Here is the video on YouTube: https://www.youtube.com/watch?v=egQntoQUUzw&feature=youtu.be
Good morning, this is Duane, and we’ve been reviewing basic chords. We started out with major chords and then reviewed minor chords, diminished chords, augmented chords, 6th chords, 7th chords. Today I’d like to review 9th chords. Now a 9th chord obviously involves the 9th note of the scale, so it’s one above the octave. Obviously, this is a C 9th chord but what a lot of people don’t understand is it usually includes the dominant 7th. If it doesn’t, if the composer wants that sort of thing, he calls it a Maj 7th or add 9. Sometimes you see C major 7th (add 9). There’s no universal agreement on chord symbols by the way, so different musicians call them different things. In other words, it’s not written in stone but most of the time when it says C9, it means the dominant 7th along with the 9th. Most of the time C major 9th means put in a major 7th. It doesn’t refer to the 9th, the 9th is major in any case, but it’s the 7th that’s major.

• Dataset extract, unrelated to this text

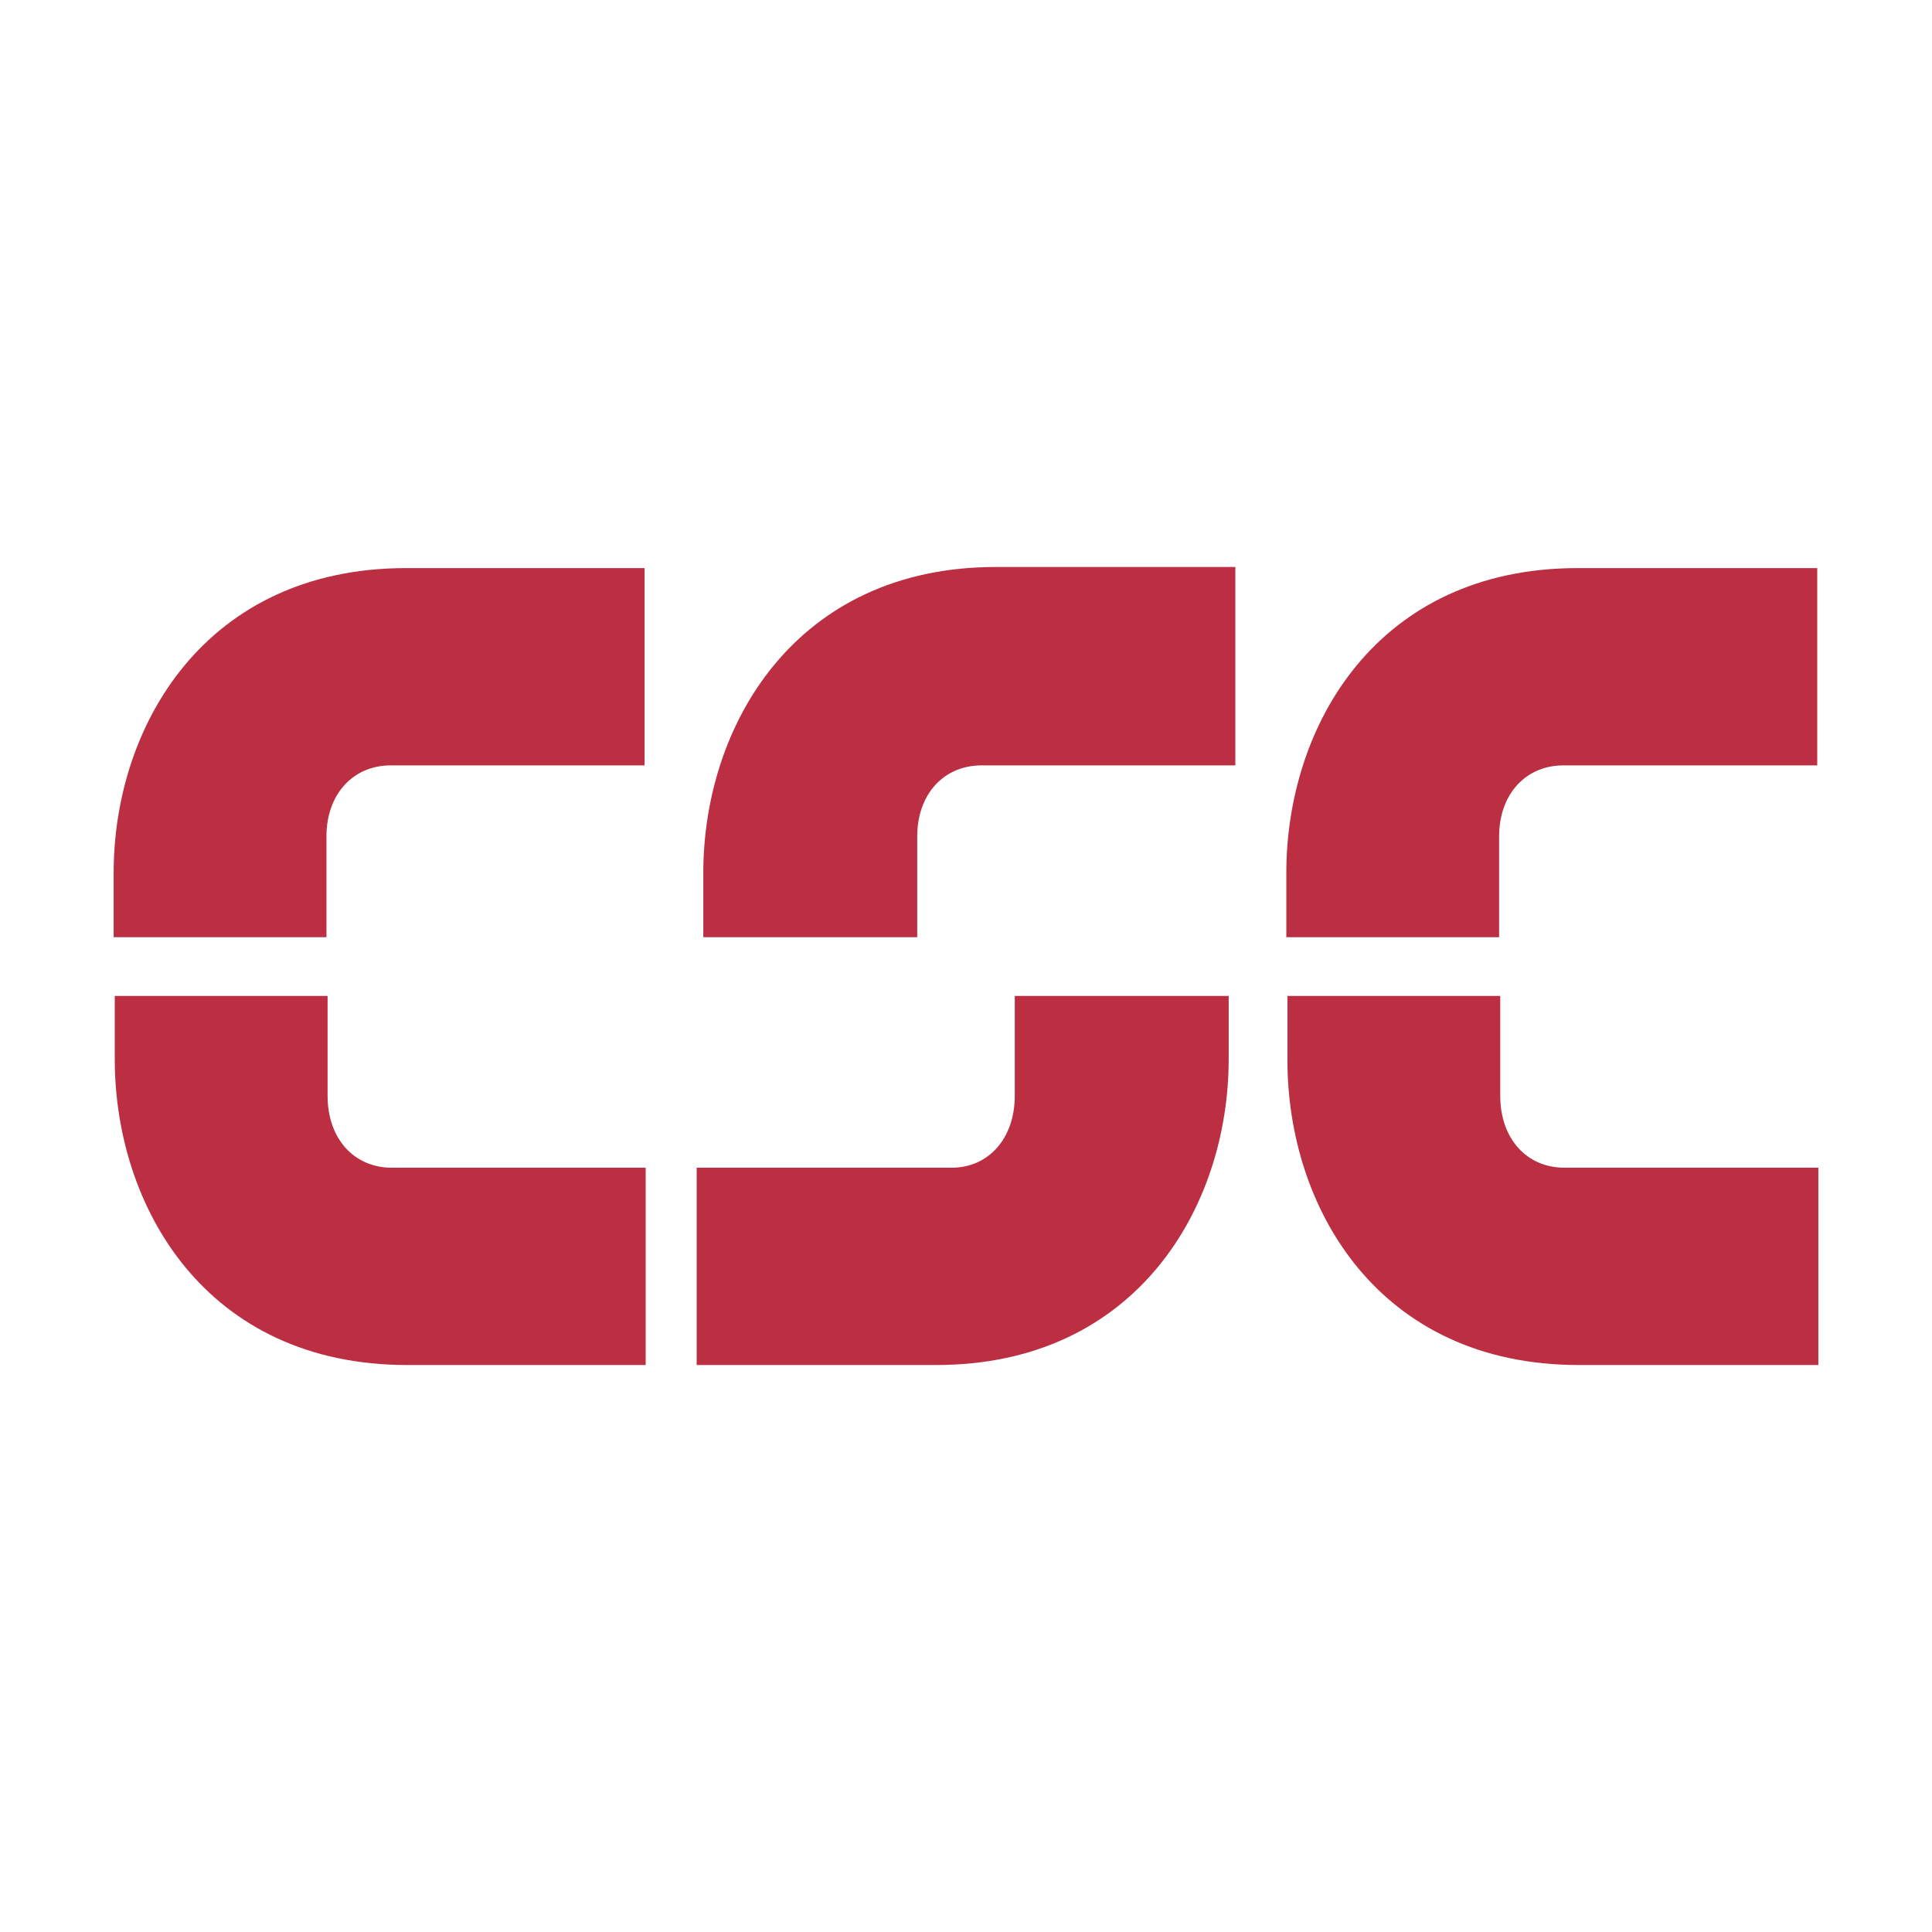 Computer Sciences Corporation (CSC) logo colors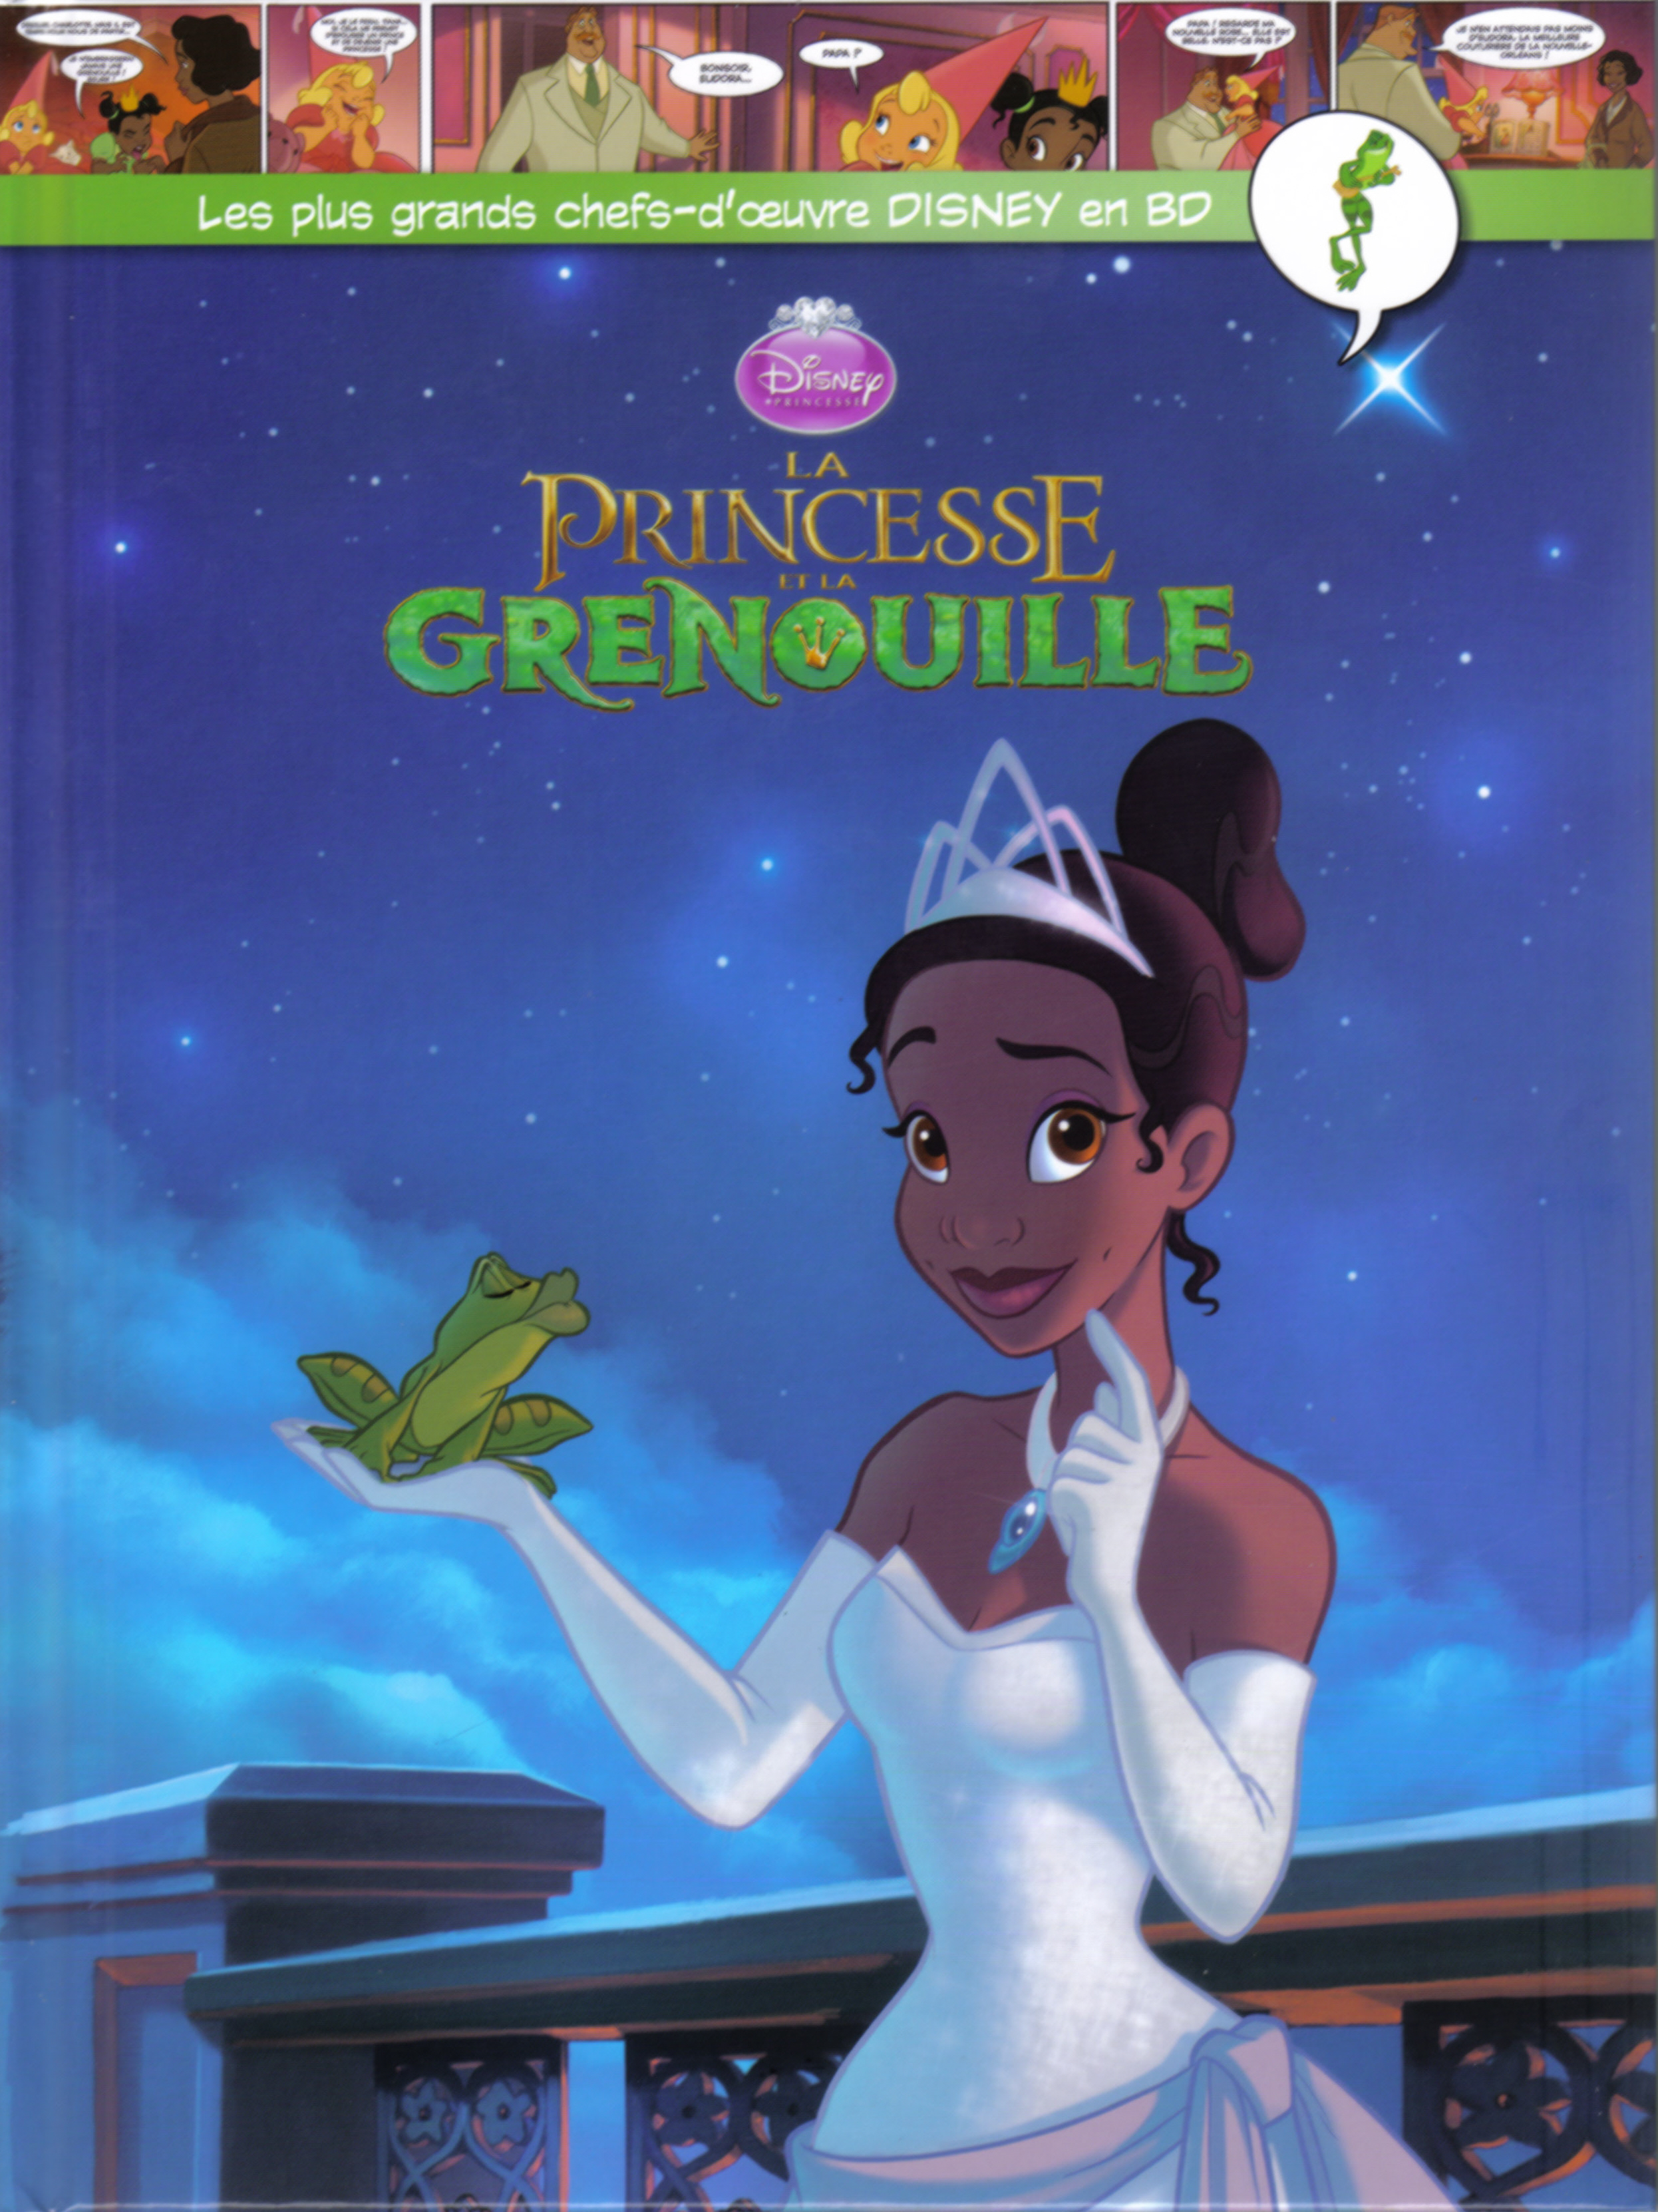 M Diffuse La Princesse Et La Grenouille Le Chef Doeuvre Disney Le My Xxx Hot Girl 1837

Now because it’s a 5-note chord, you have to use 2 hands to play it. You’d play some of the notes in the right hand and some of the notes in the left hand, or you could go like this. You could play the chord in second inversion and add the 7th and then the 9th like so. Then it doesn’t include the root, so you’d have to hit a low root first. I like to do this, play the C chord in open voicing arpeggio and then play that chord. See that. A 9th is the 9th note of the scale, and it includes a dominant 7th, whereas, a major 9th includes a major 7th along with the 9th, of course. Now there’s others, like there’s a flat 9th and so on, but we’ll take that up when we take altered chords. That’s it for today, just a review of 9th chords. We’ll see you tomorrow with another little chord review, and then we’ll get back to our series on actually playing songs and so on. We’ll see you then. If you haven’t signed up for a free newsletter, be sure and do that. Come on over to playpiano.com and sign up for all the series. Hope to see you there. Bye-bye for now.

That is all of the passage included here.